Chapter 3 a glittering success…
“My summer was rubbish,” I tell Alice while we’re unpacking our trunks and settling back into school for the start of the autumn term. “My dad just dumped me in our French house for the whole ten weeks with strict instructions that I had to do at least four hours’ school work every day. My granny wasn’t well so he hired this scary dragon woman with whiskers on her chin to look after me and he didn’t bother to come and see me, not even once. He kept phoning and saying he’d be over soon so we could go out on the boat. But he never even did. He just got more and more stressed and snappy on the phone as the weeks went by. Apparently something big was happening at work again, and he said it was too impossible to leave. Lucky Sebastian was off jet-skiing with a friend so I didn’t get to see him either. Boring is an understatement, Alice. I had nothing to do but work, work, work, apart from the pool I suppose, but that’s not much fun on your own. Sometimes I think my dad forgets I’m still a child.”
“My summer was terrible too,” sighs Alice, lying back on her bed. “My parents just bickered the whole time we were in Greece. I sometimes wonder why they even stay married. I mean, plenty of parents get a divorce. I don’t know what the big deal is.”
“Parents have strange ideas,” I say. “I tried to talk to Sebastian about my mum and about what happened to her when we were out buying our uniforms. I wanted to see if there’s an actual reason behind the fact that my dad won’t let me play the violin. But he said he doesn’t remember anything about her, except her red hair and a tune that she used to play to him while he was drifting off to sleep.”
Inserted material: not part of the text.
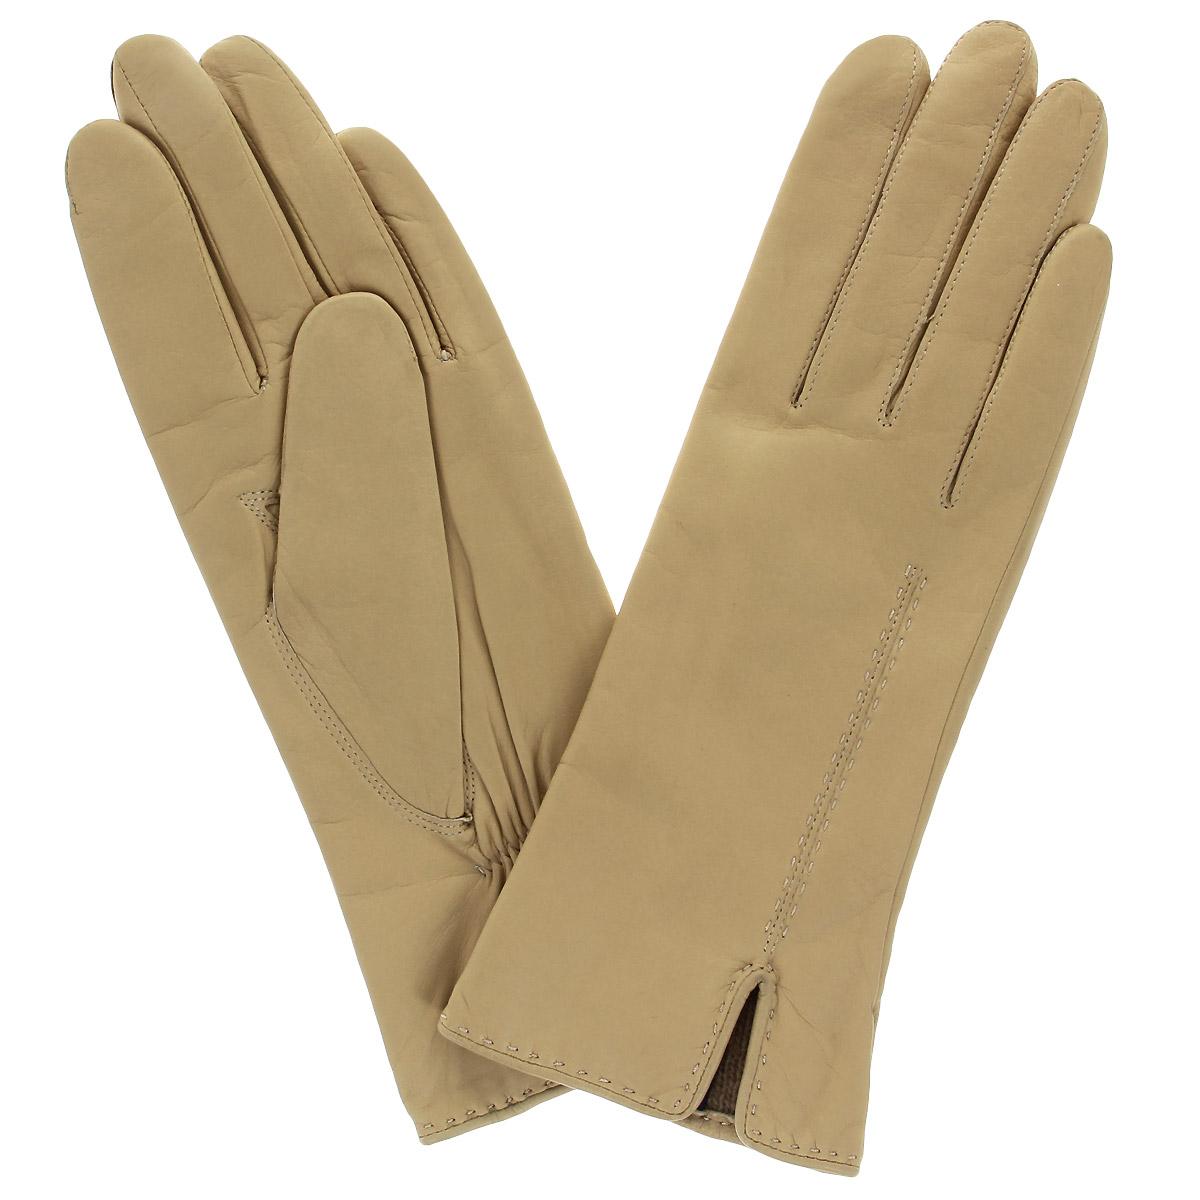 13_ALINA/MAGEСтильные перчатки Dali Exclusive с подкладкой из шерсти выполнены из мягкой и приятной на ощупь натуральной кожи ягненка. Лицевая сторона перчатки оформлена декоративным швом и дополнена небольшим разрезом. Такие перчатки подчеркнут ваш стиль и неповторимость и придадут всему образу нотки женственности и элегантности.

“That’s so sad,” says Alice. “I can’t imagine what it would be like without my mum.”
“I wish I could remember something about her,” I say. “I wonder if she ever played a tune to me?”
When we’ve unpacked and had our tea and sat through a house meeting and shared summer stories and welcomed the new girls, Alice and I sneak out of our window and on to the flat roof to look at the sky. Above us is a soft glittering blanket that twinkles through the darkness and wraps us up in stars.
“I’m so glad to be back,” I whisper.
“Me too,” says Alice.
“Whoever invented the stars,” I say, “truly was a glittering success. Can you imagine what it would be like to fly through them and feel them glittering all about you?”